*** COLLECTED DATA ***

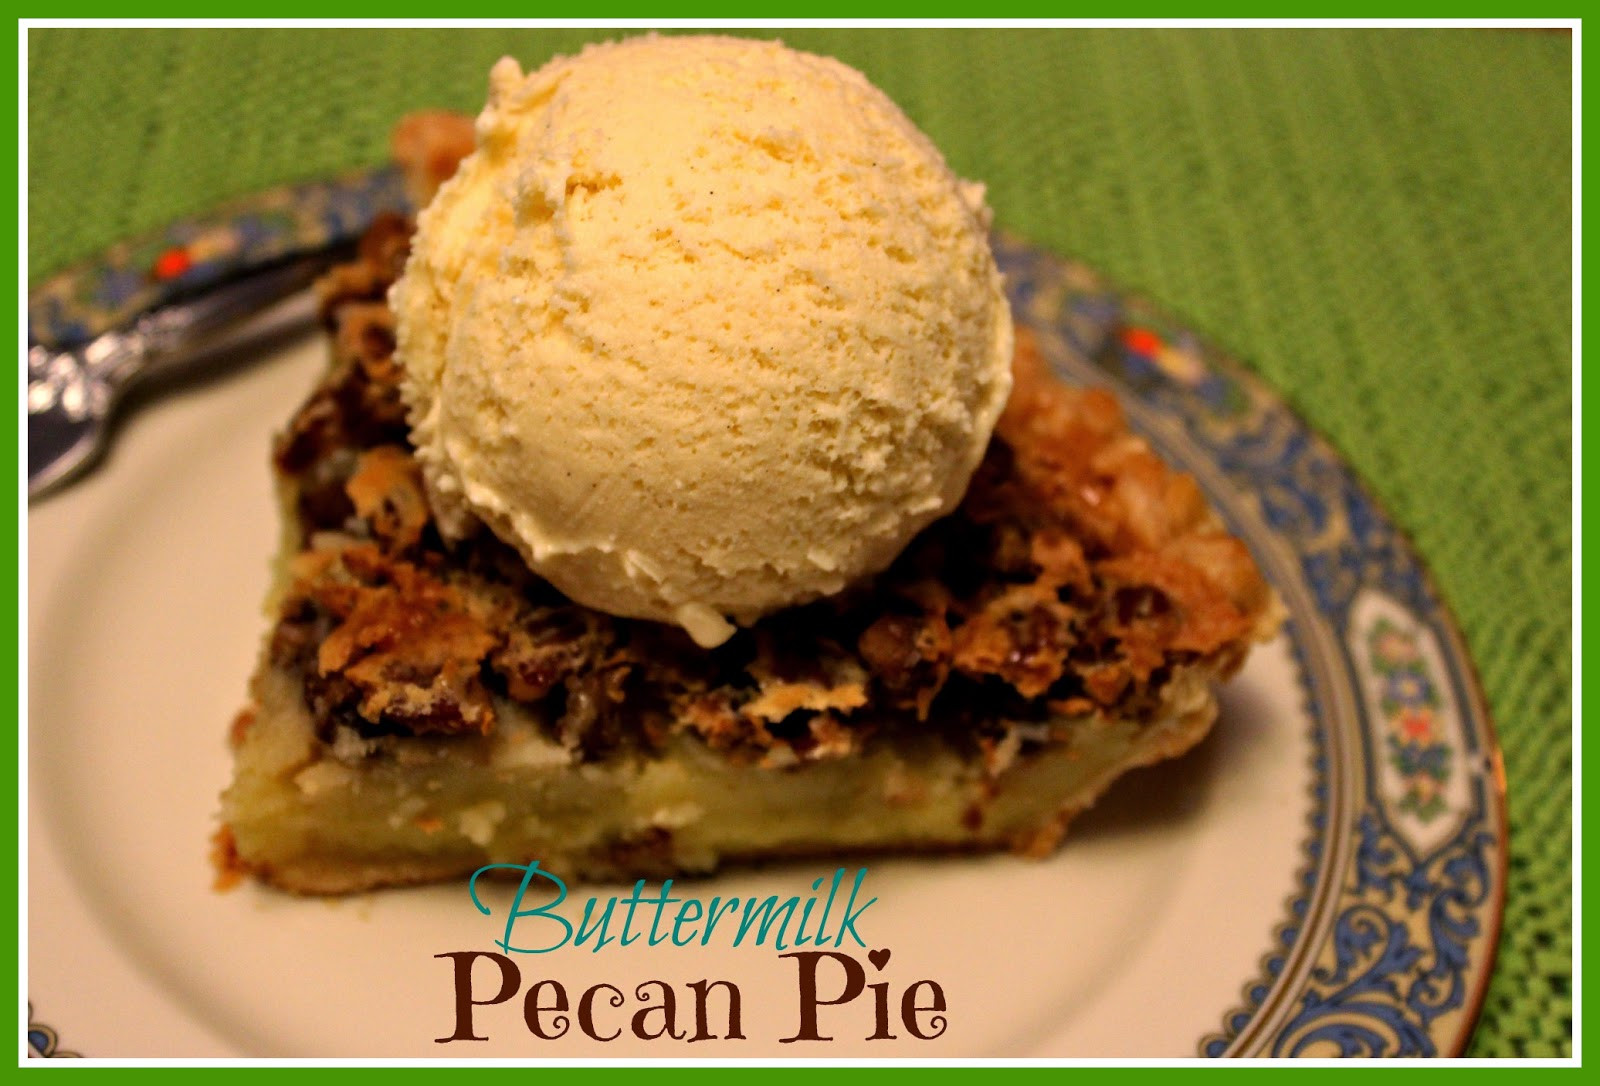 Buttermilk Pecan Pie  Sweet Tea and Cornbread Buttermilk Pecan Pie
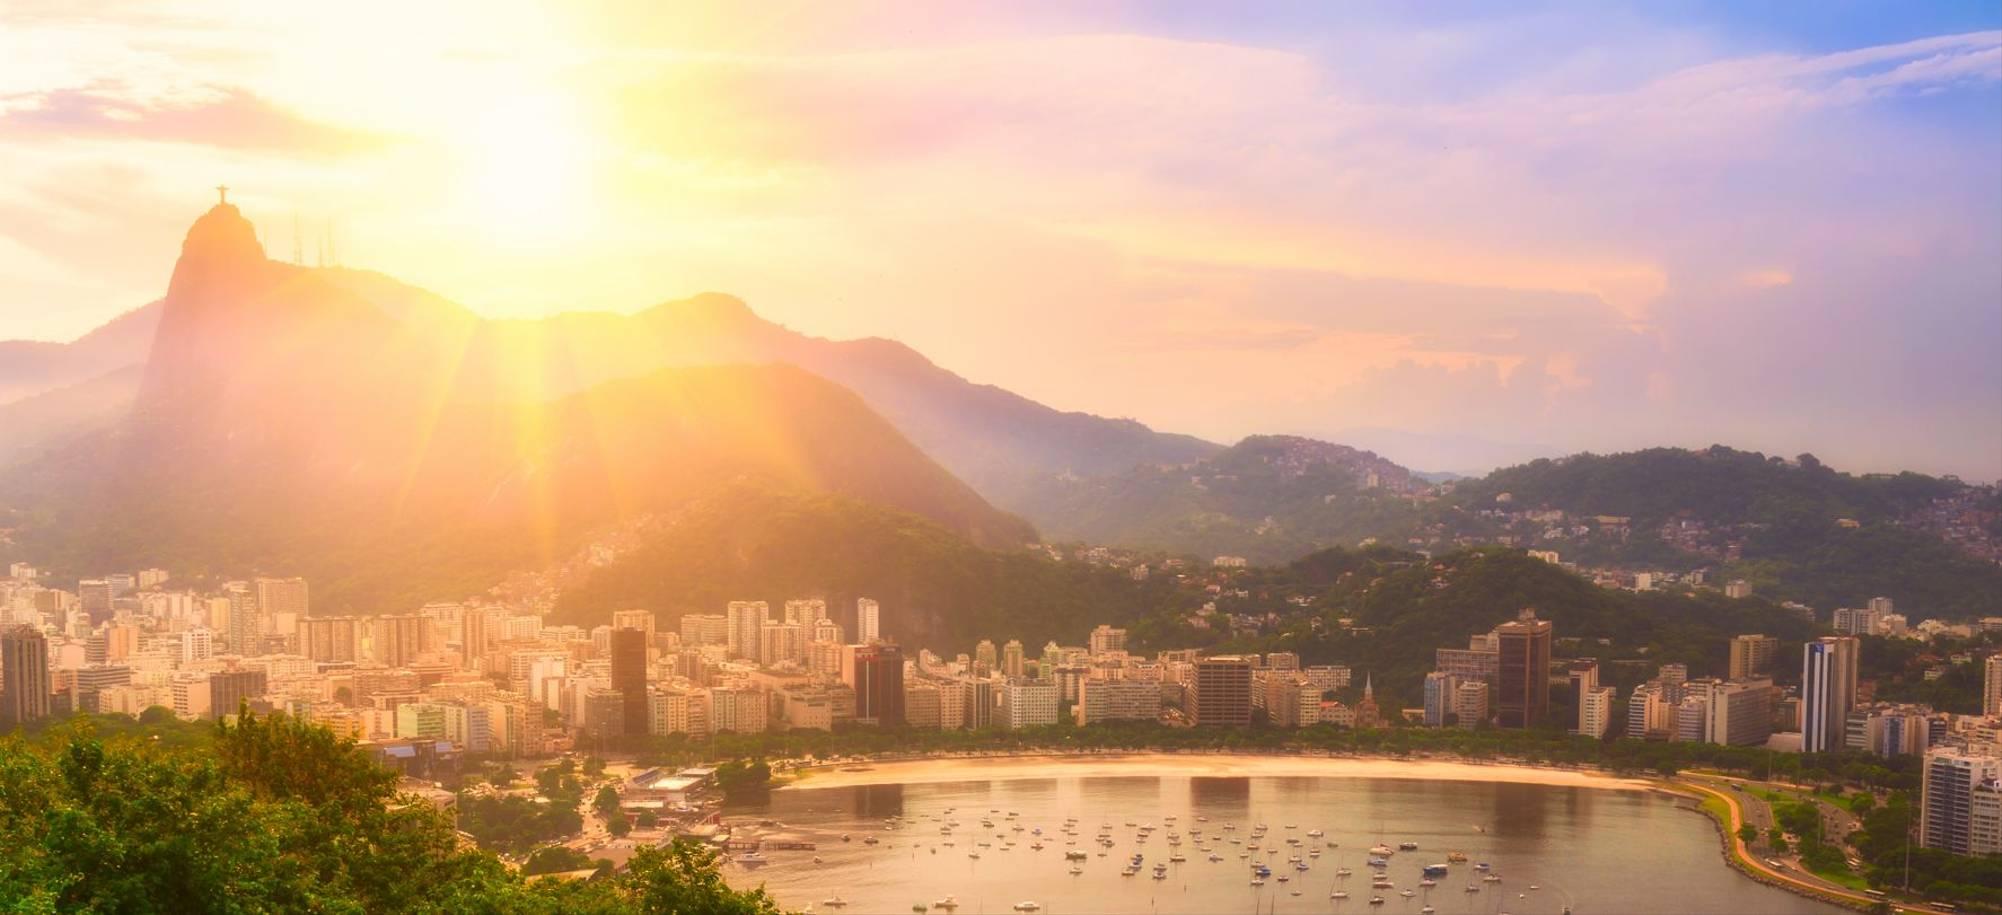 20 Day - Rio De Janeiro, Brazil - Itinerary Desktop.jpg
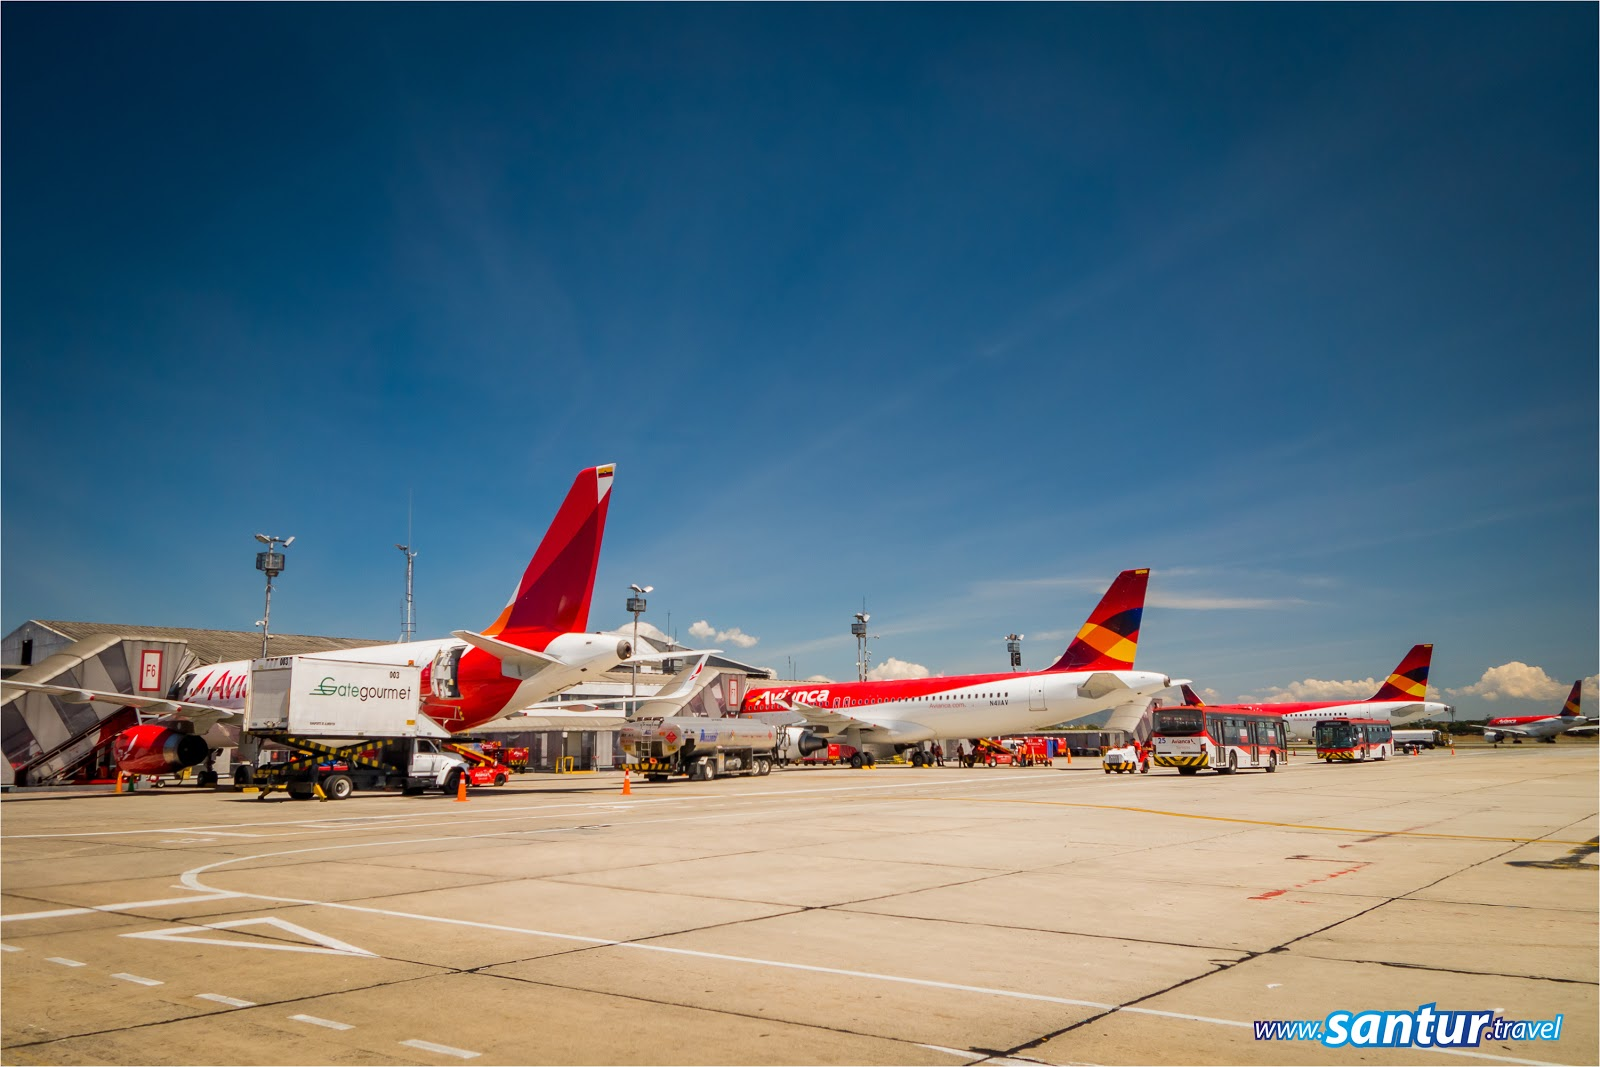 aerocivil, aerolinea, Aeropuerto Internacional el Dorado, Agencia de Viajes, Avianca, Bogota, Bucaramanga, Call center, Cambio de Horario, Cambio itinerario, Colombia, pasajeros, Reservas
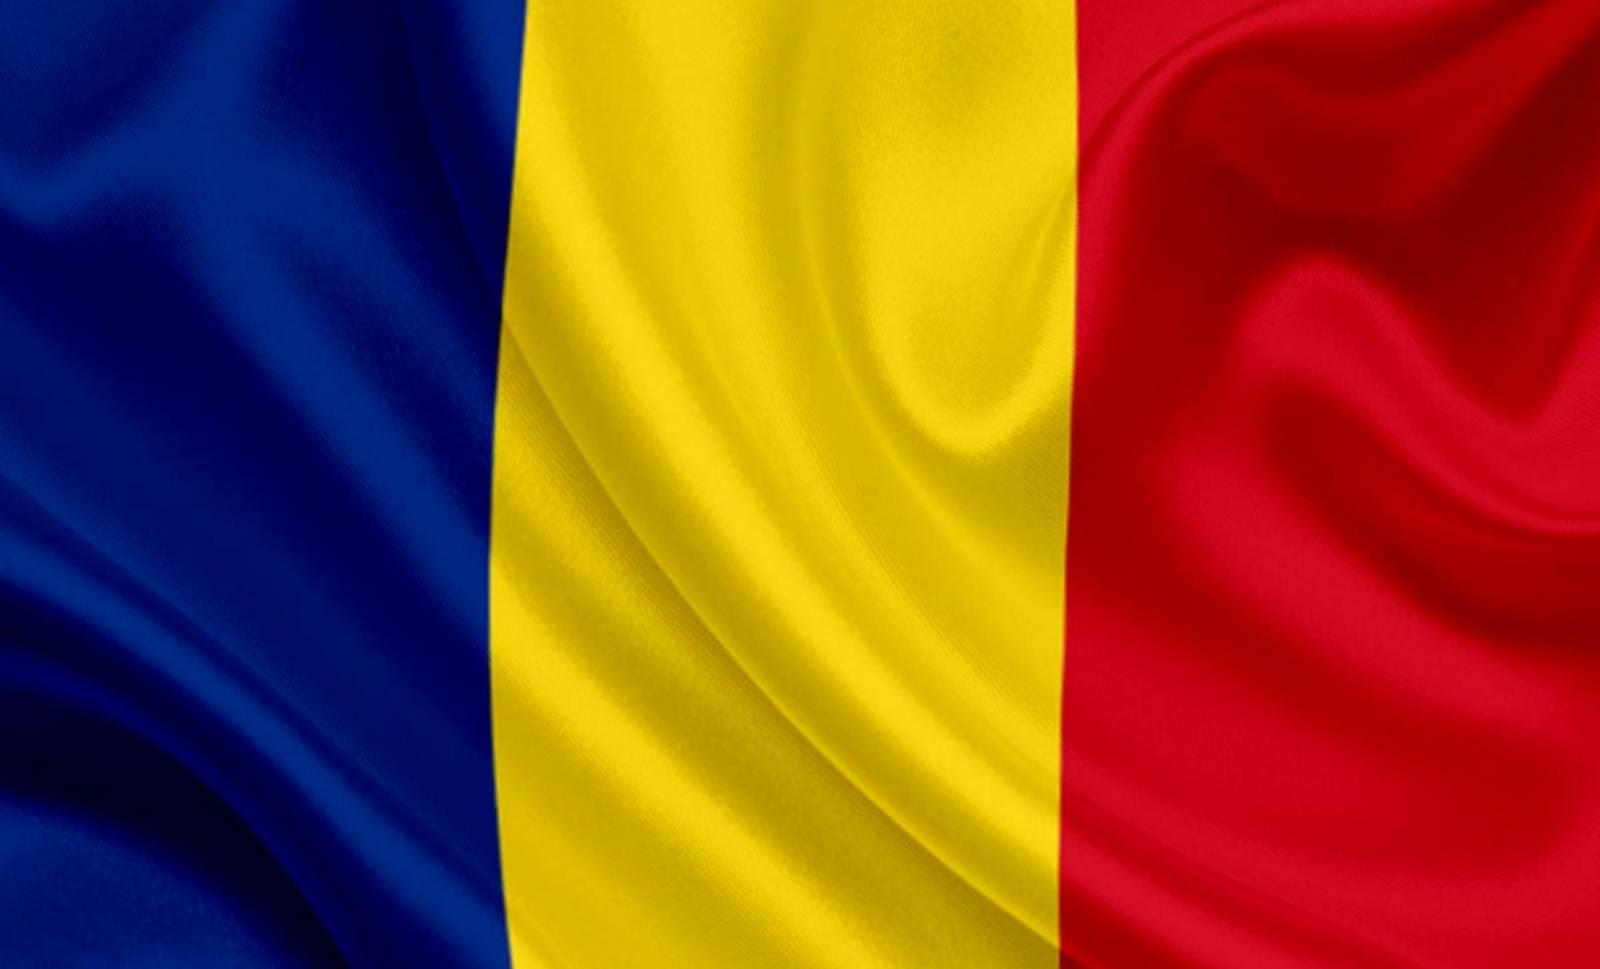 DSU 5 unitate mobila terapie intensiva Romania

*** End of COLLECTED DATA ***

* [EXERCISE DIRECTIONS]: All the lines above need to be repeated exactly, with no pictures carried over.

* [REPLY]:
 Buttermilk Pecan Pie  Sweet Tea and Cornbread Buttermilk Pecan Pie
 20 Day - Rio De Janeiro, Brazil - Itinerary Desktop.jpg
 aerocivil, aerolinea, Aeropuerto Internacional el Dorado, Agencia de Viajes, Avianca, Bogota, Bucaramanga, Call center, Cambio de Horario, Cambio itinerario, Colombia, pasajeros, Reservas
 DSU 5 unitate mobila terapie intensiva Romania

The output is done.